Last but not least, suppliers need to educate their teams to sell solutions, not just products. Where possible, special services, such as urgent deliveries, returns, orders below the threshold, out-of-hours interventions, should be defined, measured and, at least partially, monetized or conditioned.

So, in a market with fragile margins, pressure on and more selective consumer, the relationship between supplier and operator becomes a direct factor of profitability. The winner is not necessarily the one who obtains the lowest spot price, but the one who builds a predictable, efficient and sustainable system.

"The industry is losing money through lack of alignment. Every unclear order, every urgent delivery that could have been planned, every return or every missed deadline adds pressure to the system. The challenge in the coming years is to build a more mature supply chain, in which suppliers and operators do not just negotiate prices, but build rules, predictability and value together", adds Florin Maxim.

A new debate Intimate Roundtable Conversations

About Intimate Roundtable Conversations

Intimate Roundtable Conversations represents think tanksThe Hospitality Culture Institute’s applied - a strategic dialogue format, in a small circle, that brings together relevant HoReCa leaders, entrepreneurs and professionals to analyze, in depth, the high stakes of the industry. Each edition is built around a theme with real impact, explored from complementary perspectives: operational, entrepreneurial, investment and consumer.

To support genuine exchanges of ideas and positions, the meetings are held under Chatham House rules, giving participants the freedom to use insight-s obtained, without publicly attributing opinions or quotes.

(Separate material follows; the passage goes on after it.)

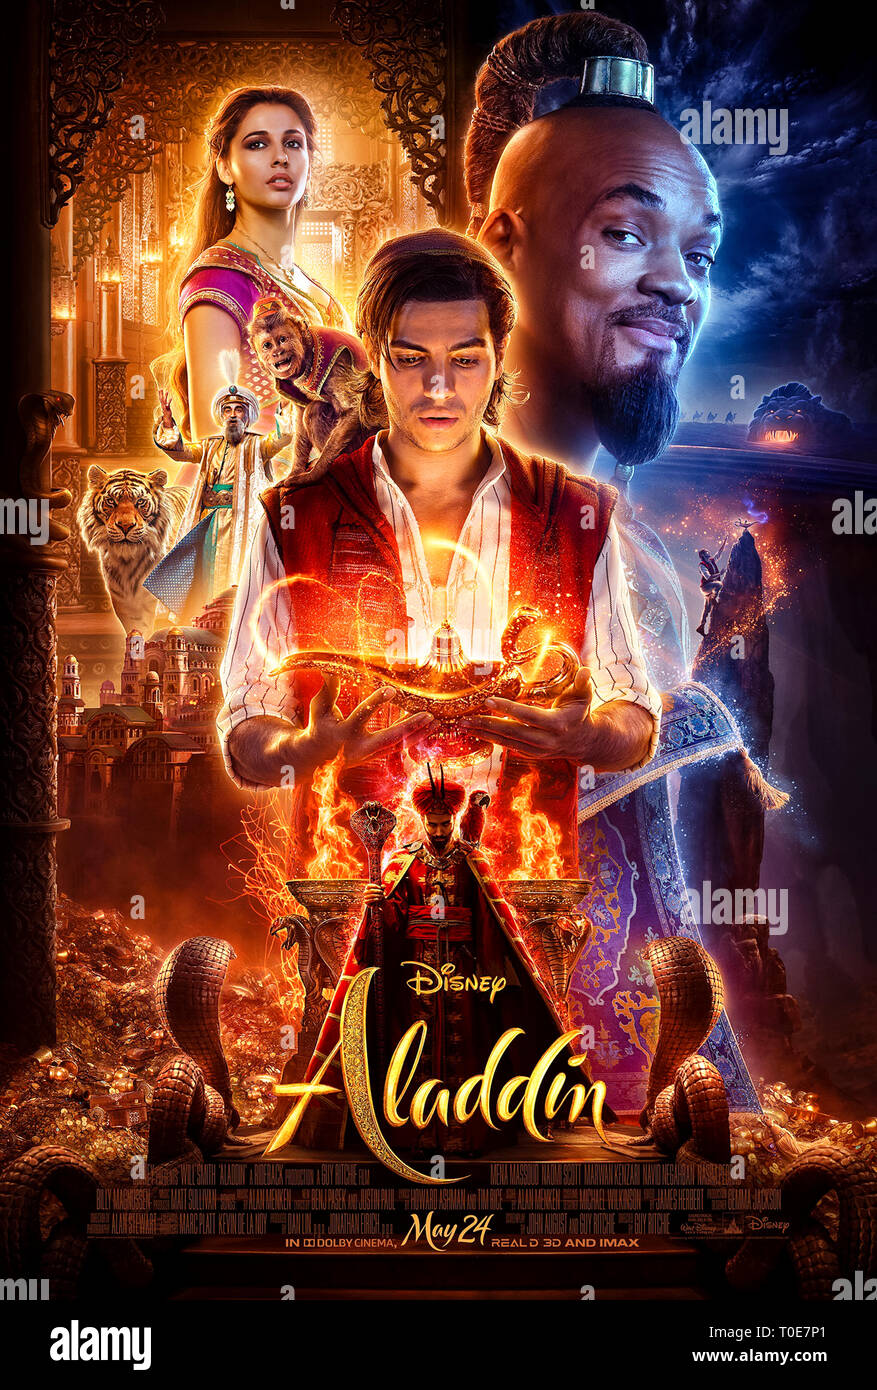 Aladdin (2019) diretto da Guy Ritchie e interpretato da Naomi Scott, Mena Massoud, Will Smith. Remake live action del classico cartone animato Disney. Poster US One sheet ***SOLO PER USO EDITORIALE***. Credito: BFA / Walt Disney Foto Stock

This approach creates the necessary framework for honest, relevant and solution-oriented conversations, with direct value for the evolution of the hospitality ecosystem.

About Hospitality Culture Institute:

The Hospitality Culture Institute (HCI) is the European research and leadership platform that studies how gastronomic culture, hospitality and services shape human behavior and economic value. HCI analyzes the experience economy, bringing together leaders, researchers and decision-makers to build sustainable, human-centered business models.

Through market research, think tanks-s and initiatives such as the Romanian Hospitality Awards, F&B Business Accelerator and F&B Innovation Camp, HCI connects entrepreneurs, industry leaders and experts to transform insights into applied business decisions.